To elaborate a bit about my setup, each index contains information from a single source. Each source has several types of data (what I'll call layers) which are indexed as different types in the index corresponding to the source. Each layer has different attributes (20 in average). To avoid field name collision they are indexed as "LayerId_FieldId".
I'm trying to find a way to reduce the size of my mapping (as to my understanding, it might cause performance issues). One option is having one index per layer (and perhaps spreading large layers over several indices, each responsible for a different time segment). I have around 4000 different layers indexed right now, so lets say that in this method I will have 5000 different indices. Is elastic fine with that? What should I be worried about (if at all) with such a large number of indices, some of them very small (some of the layers have as few as 100 items)?
A second possible solution is the following. Instead of saving a layer's data in the way it is sent to me, for example:
"LayerX_name" : "John Doe",
"LayerX_age" : 34,
"LayerX_isAdult" : true,
it will be saved as :
"value1_string" : "John Doe",
"value2_number" : 34,
"value3_boolean" : true,
In the latter option, I will have to keep some metadata index which links the generic names to the real field names.
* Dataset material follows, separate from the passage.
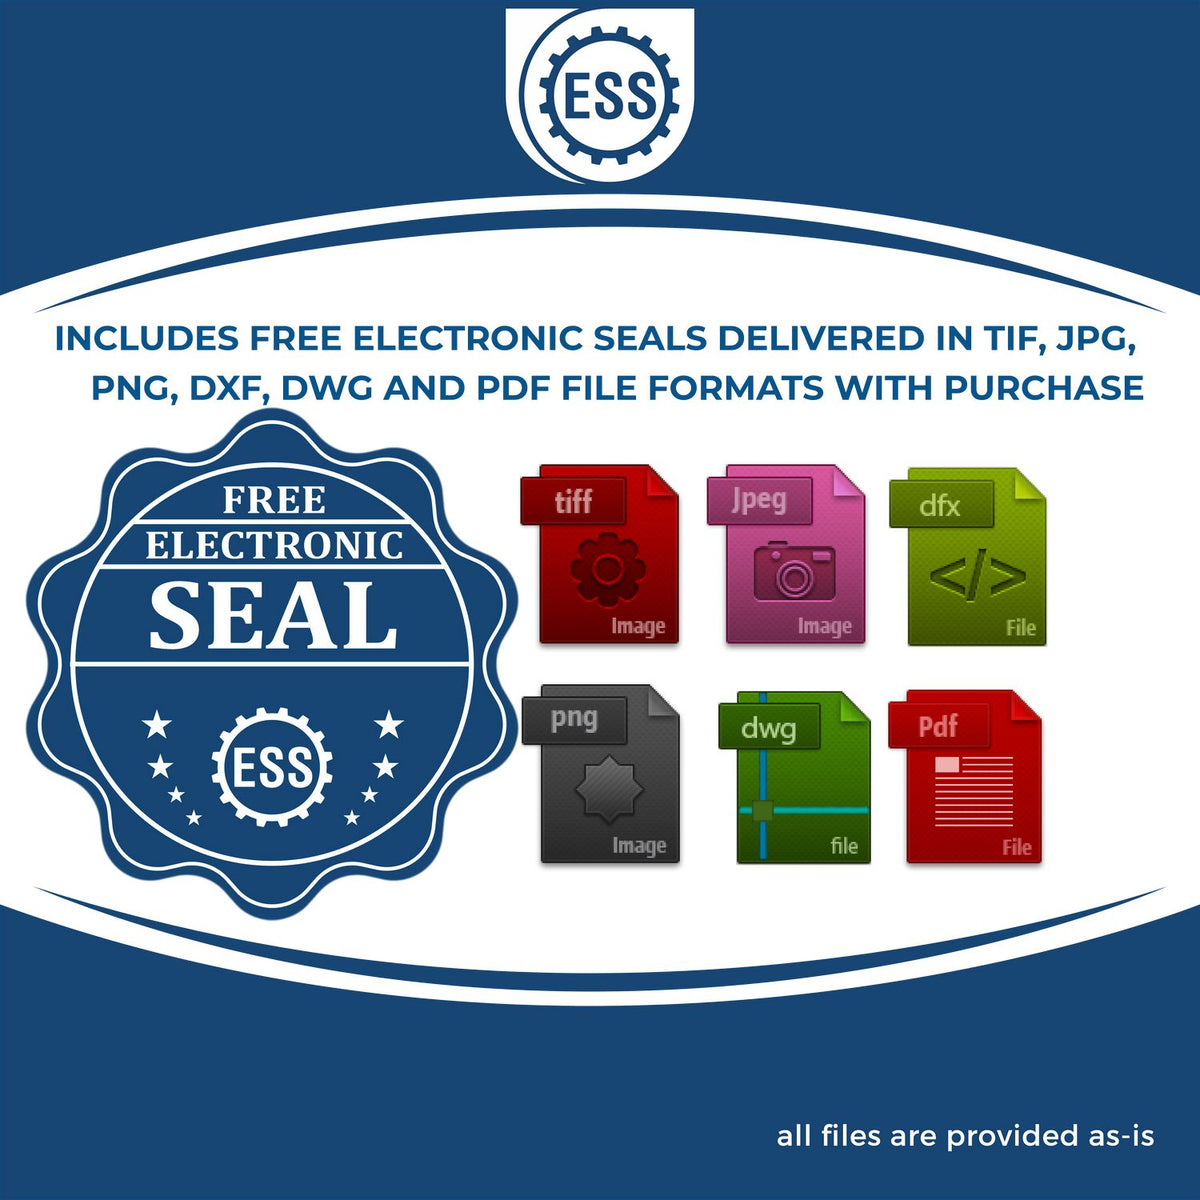 An infographic for the free electronic seal for the Hybrid Maryland Land Surveyor Seal illustrating the different file type icons such as DXF, DWG, TIF, JPG and PNG.

In the above example, I need to know that for layer X the field "value1_string" corresponds to "name". Thus, whenever I receive a new document to index, I have to query the metadata in order to know how to map the given fields into my generic names. This allows me to have a constant size mapping (say, 50 fields for each value type, so several hundred fields overall). However, this introduces some overhead, but most importantly I'm feeling that this basically reduces my database to a relational one, and I lose the ability to handle documents of arbitrary structure.
Some technical details about my cluster:
Elasticsearch version 2.3.5
22 nodes, 3 of them are masters, each node contains 16 Gb of ram, 2 Tb disc storage. In total I currently have 6 Tb of data spread over 1.2 billion docs, 55 indices, and 1500 shards.
I'd appreciate your input on the two solutions I suggested, or any other alternatives you have in mind!